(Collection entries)

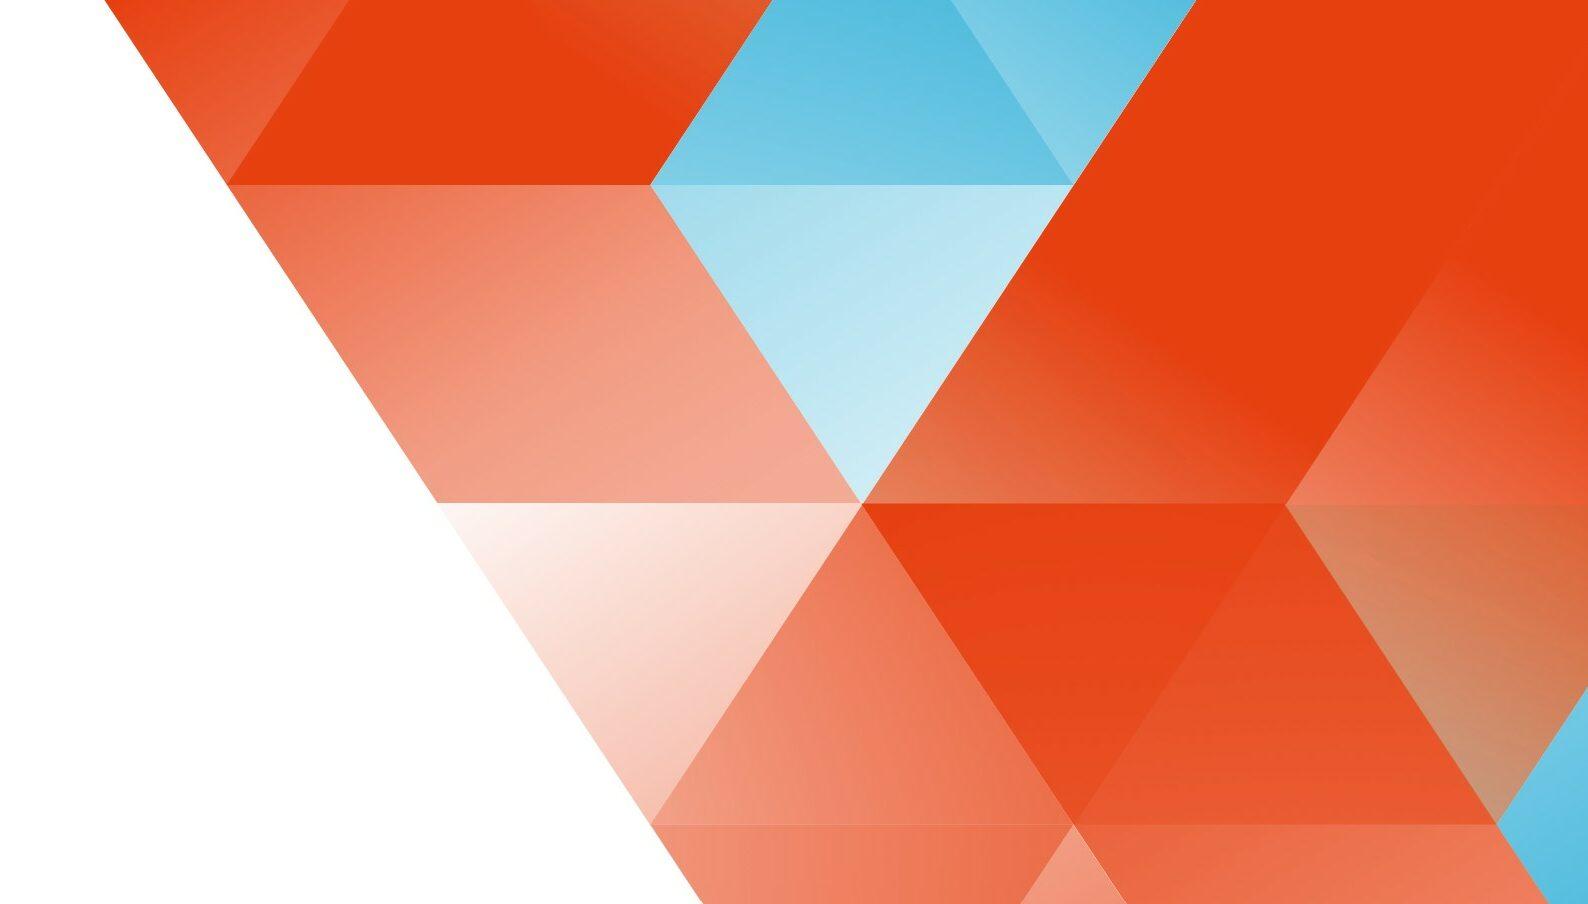 Viria Abp:s affärsöversikt 1.1–31.3.2021
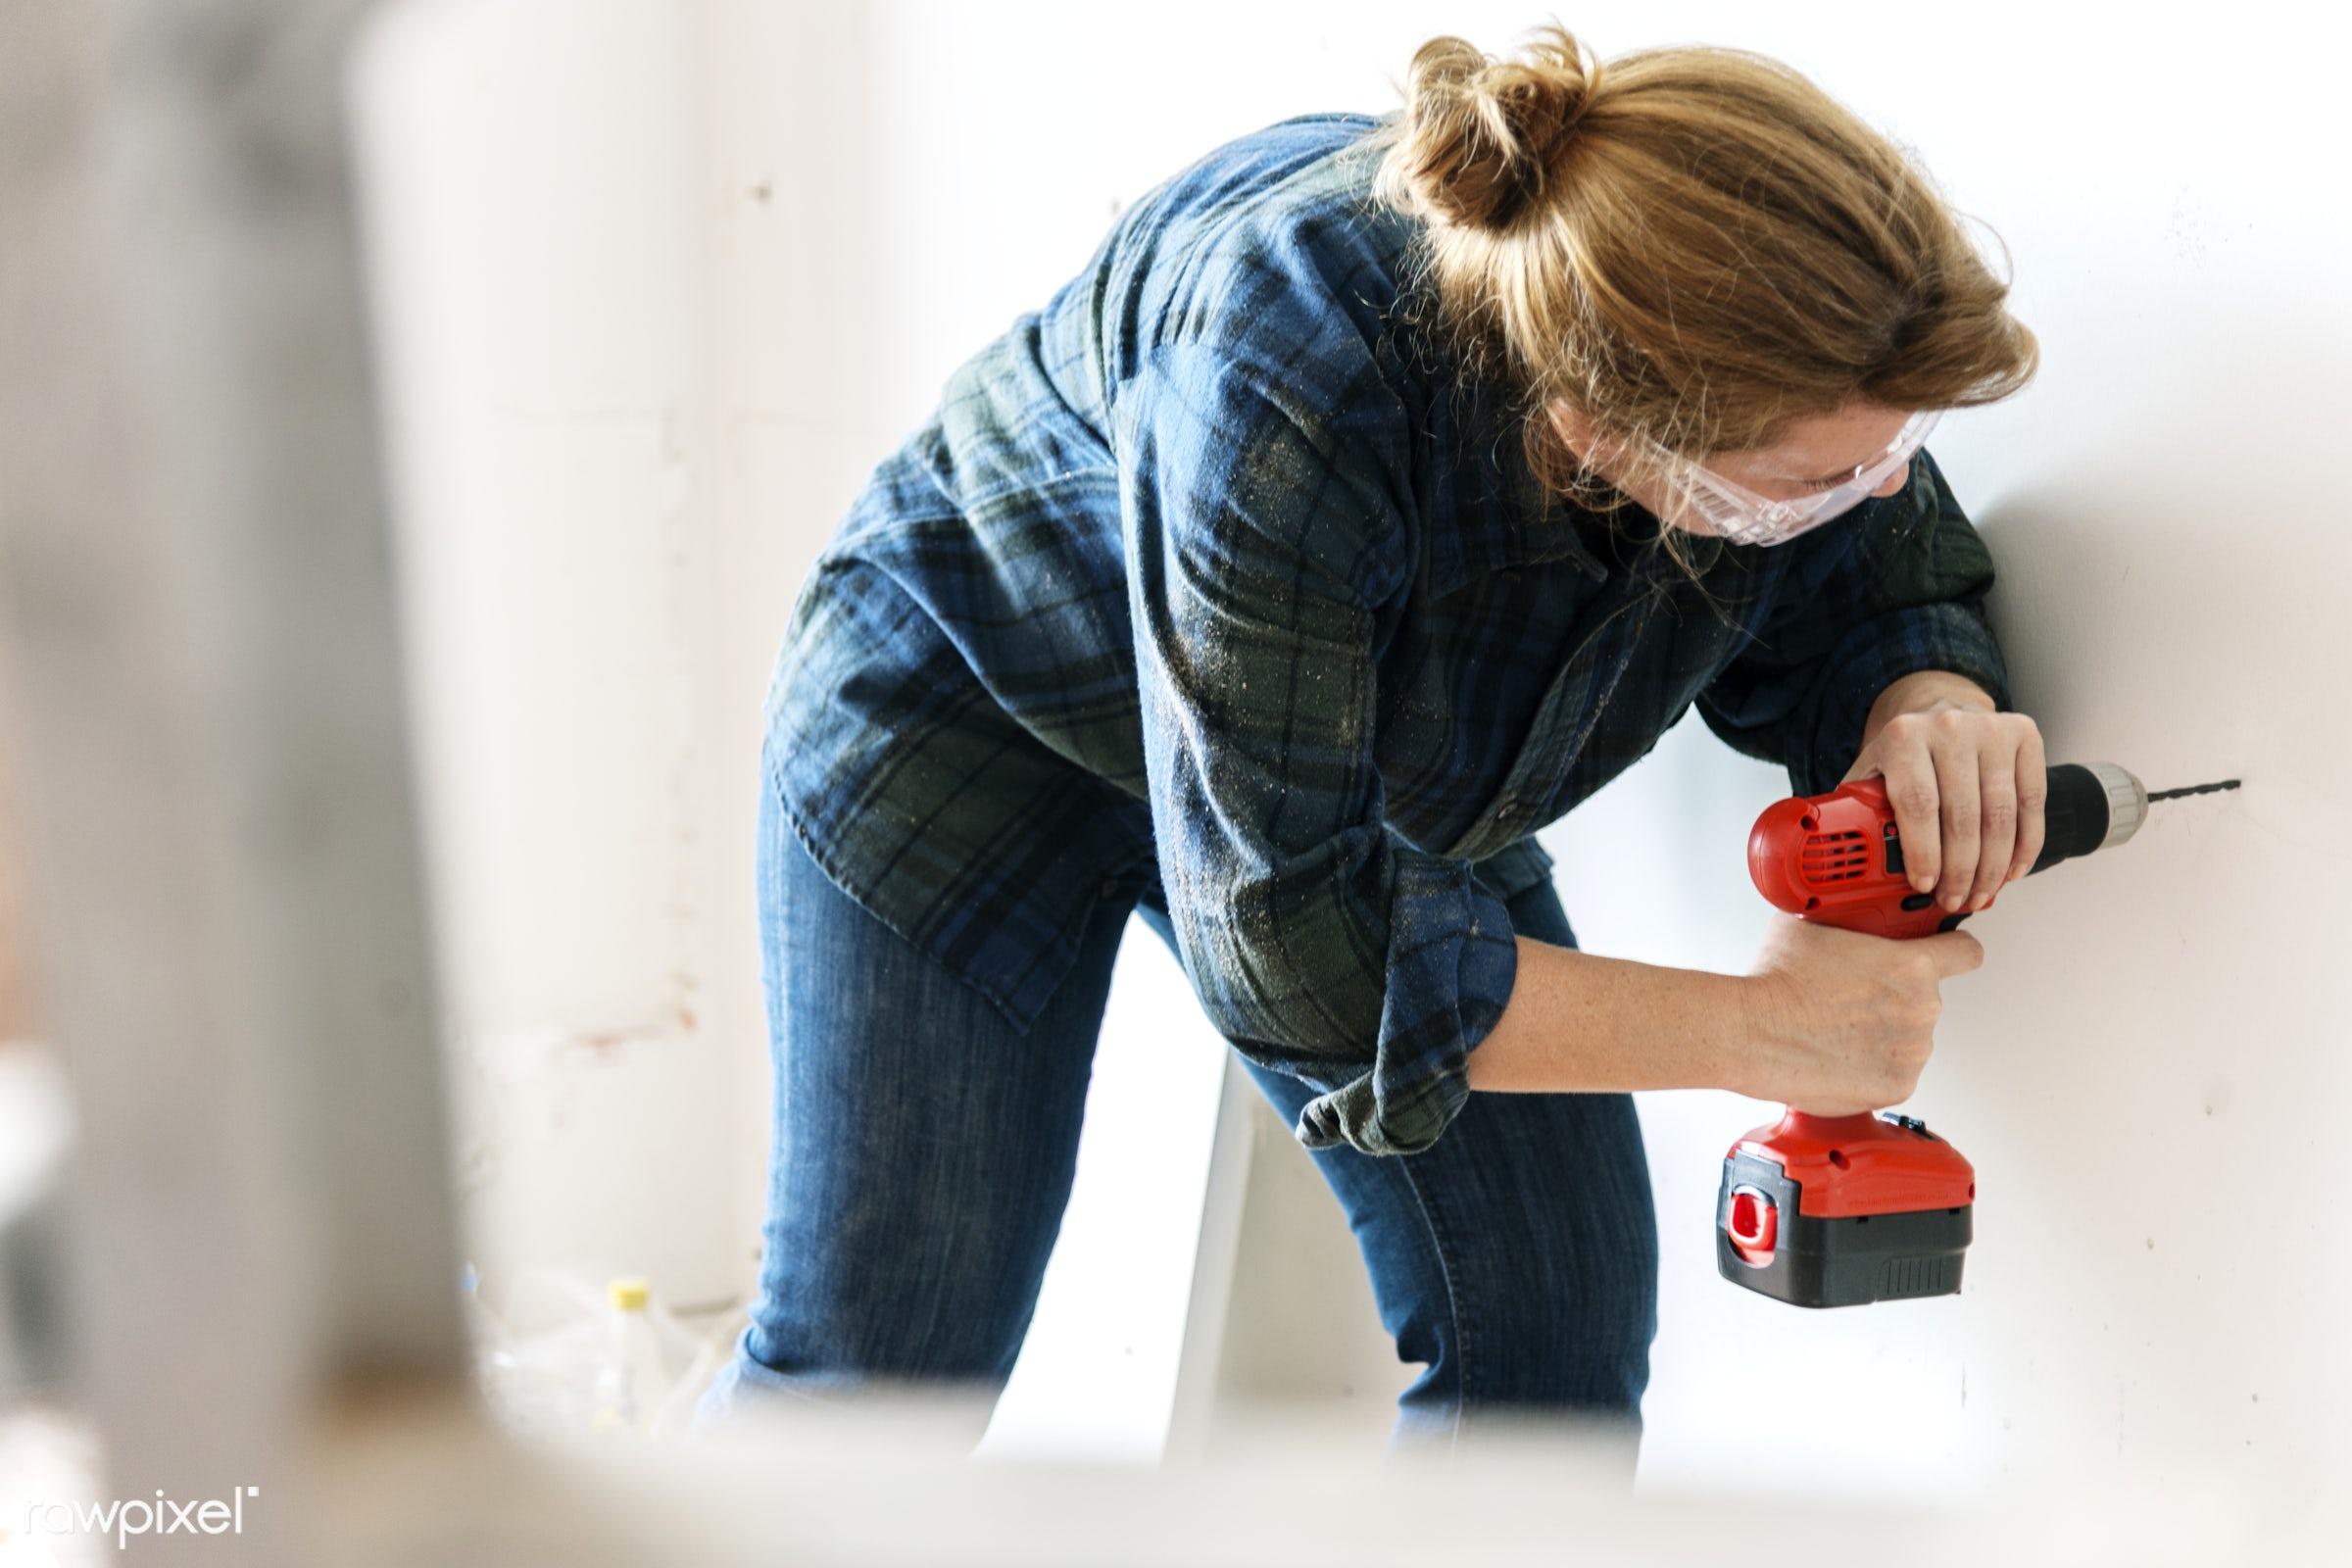 american, british, builder, carpenter, construction, contractor, development, drill, drilling, engineering, equipment,...
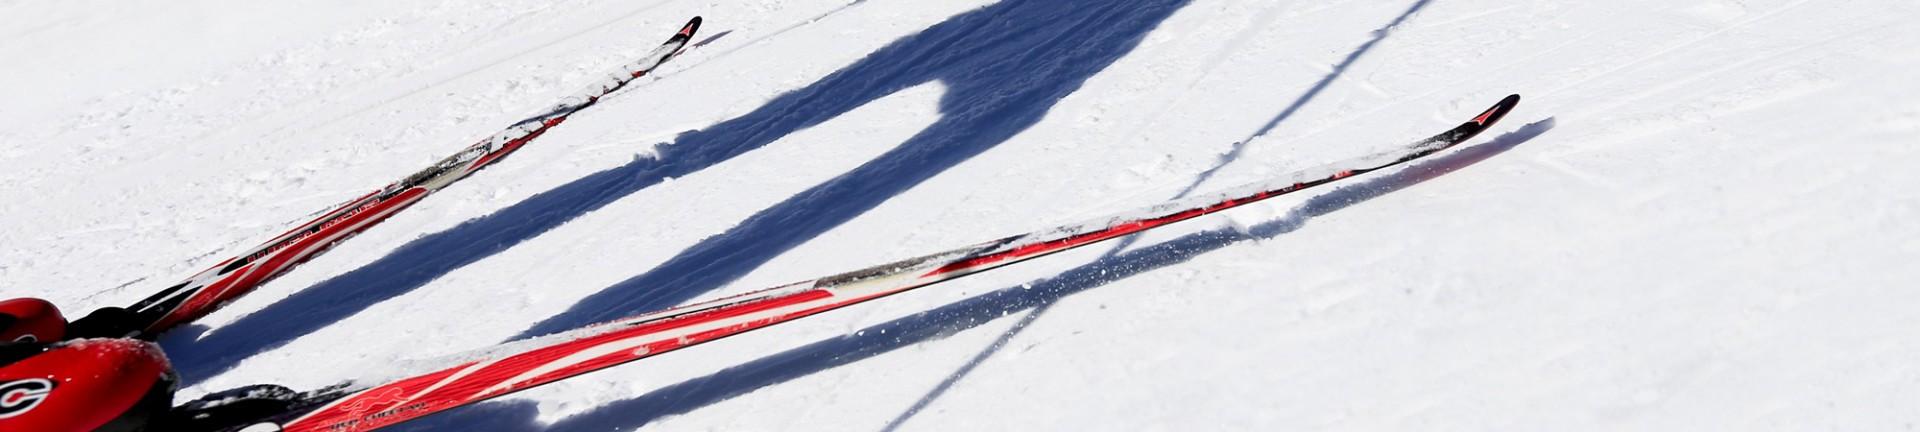 Ski nordique hautes combes
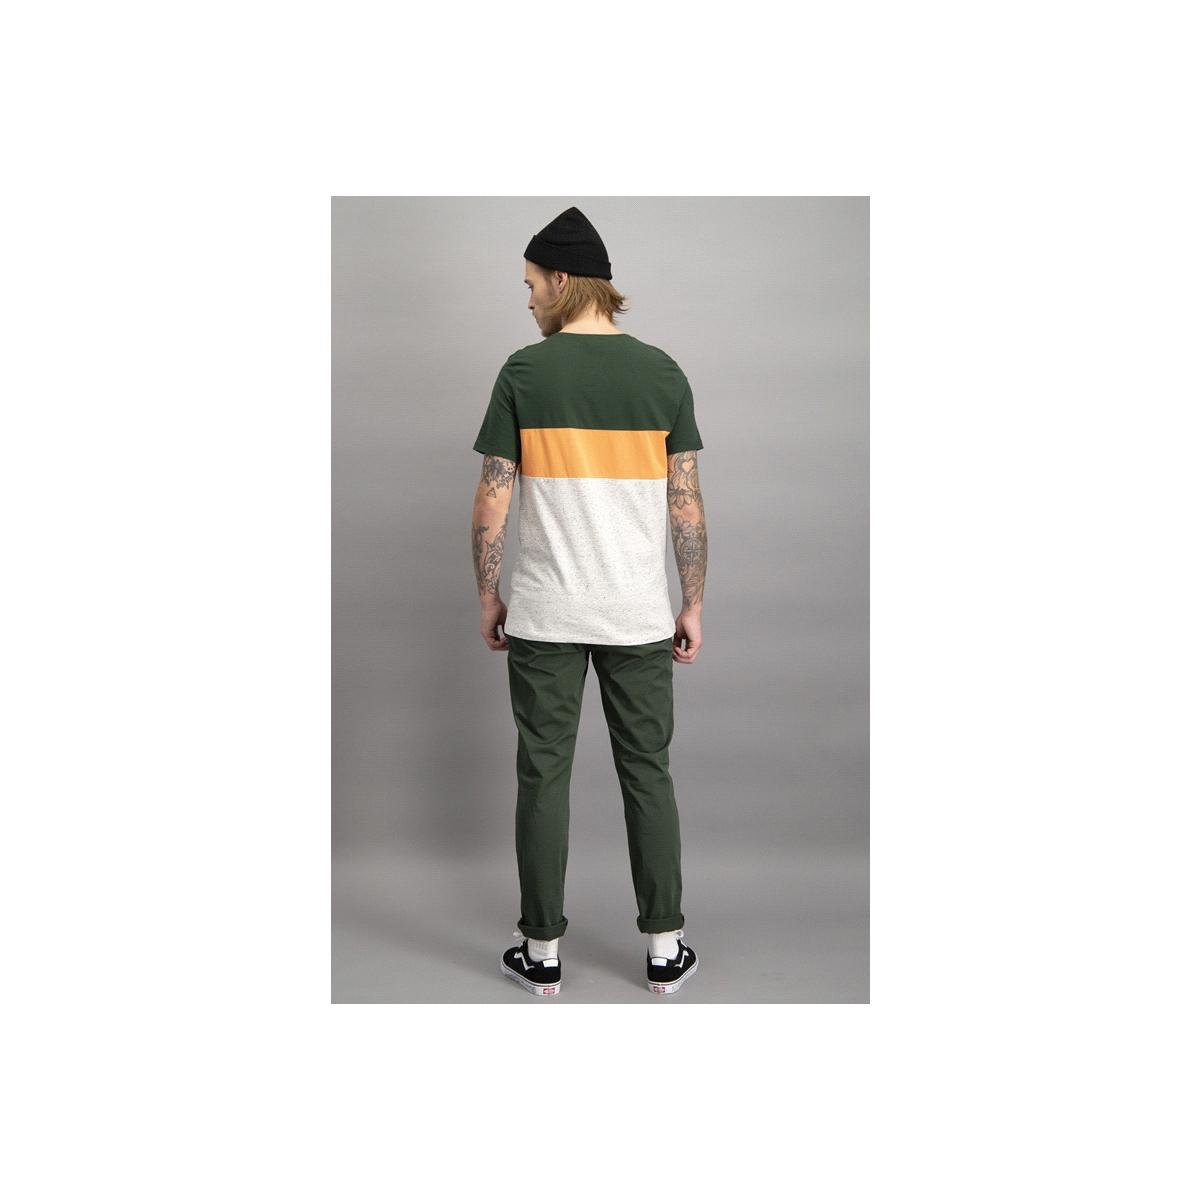 ts rama 1901030229 kultivate t-shirt 203 ecru
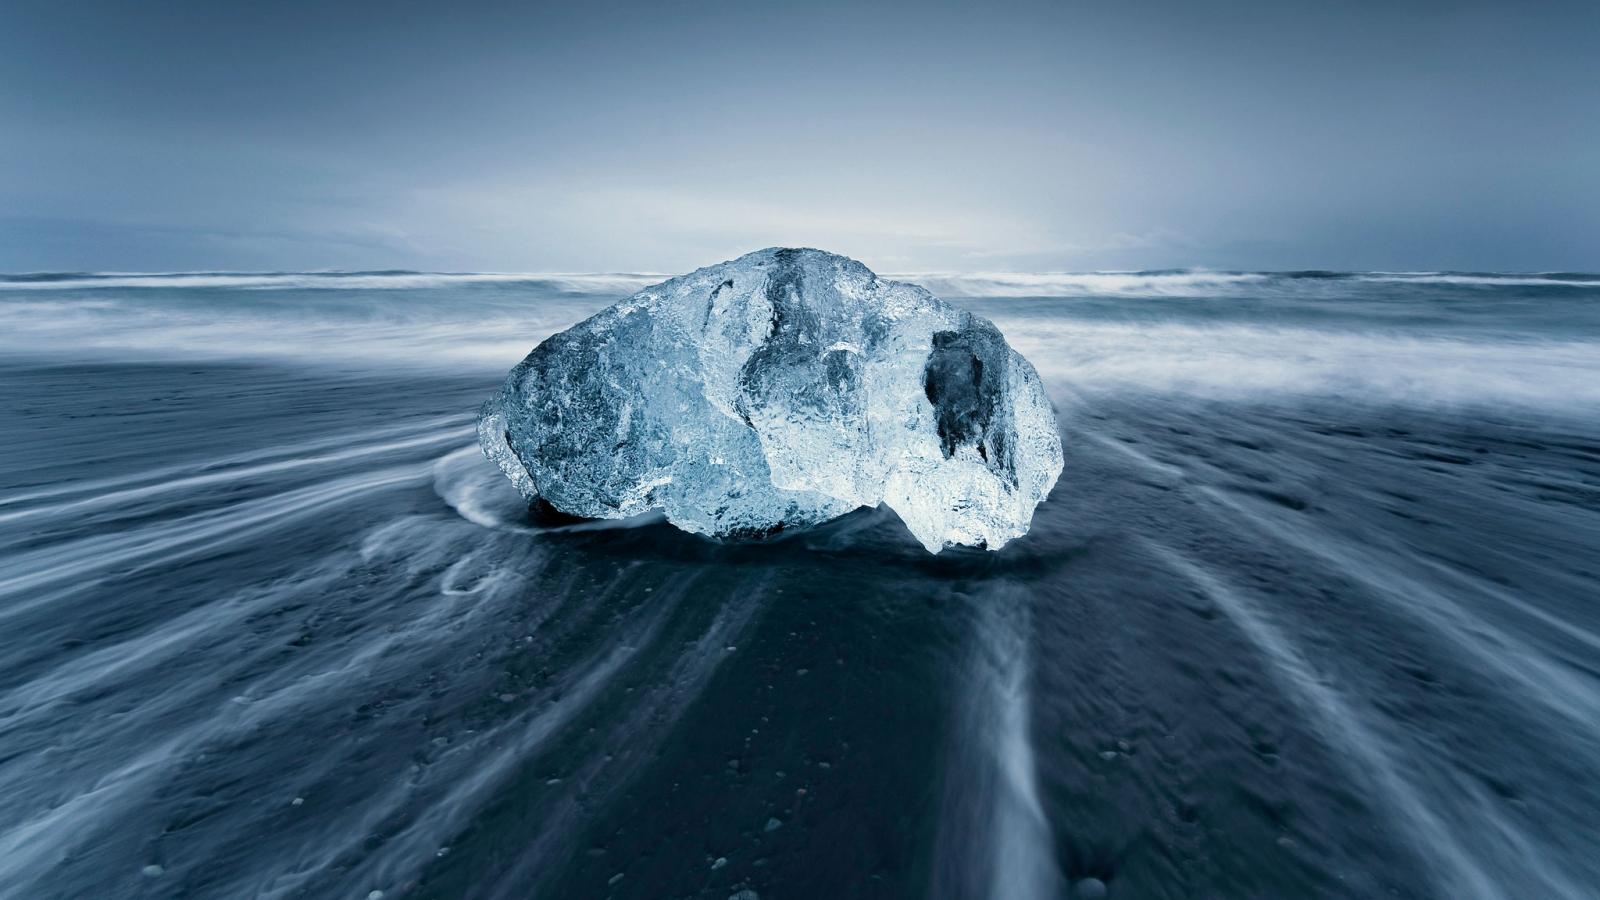 Una gran roca en la playa - 1600x900

§ What needs to be done: Omit the pictures; restate every entry word for word.

§ Your solution:
 Viria Abp:s affärsöversikt 1.1–31.3.2021
 american, british, builder, carpenter, construction, contractor, development, drill, drilling, engineering, equipment,...
 Ski nordique hautes combes
 ts rama 1901030229 kultivate t-shirt 203 ecru
 Una gran roca en la playa - 1600x900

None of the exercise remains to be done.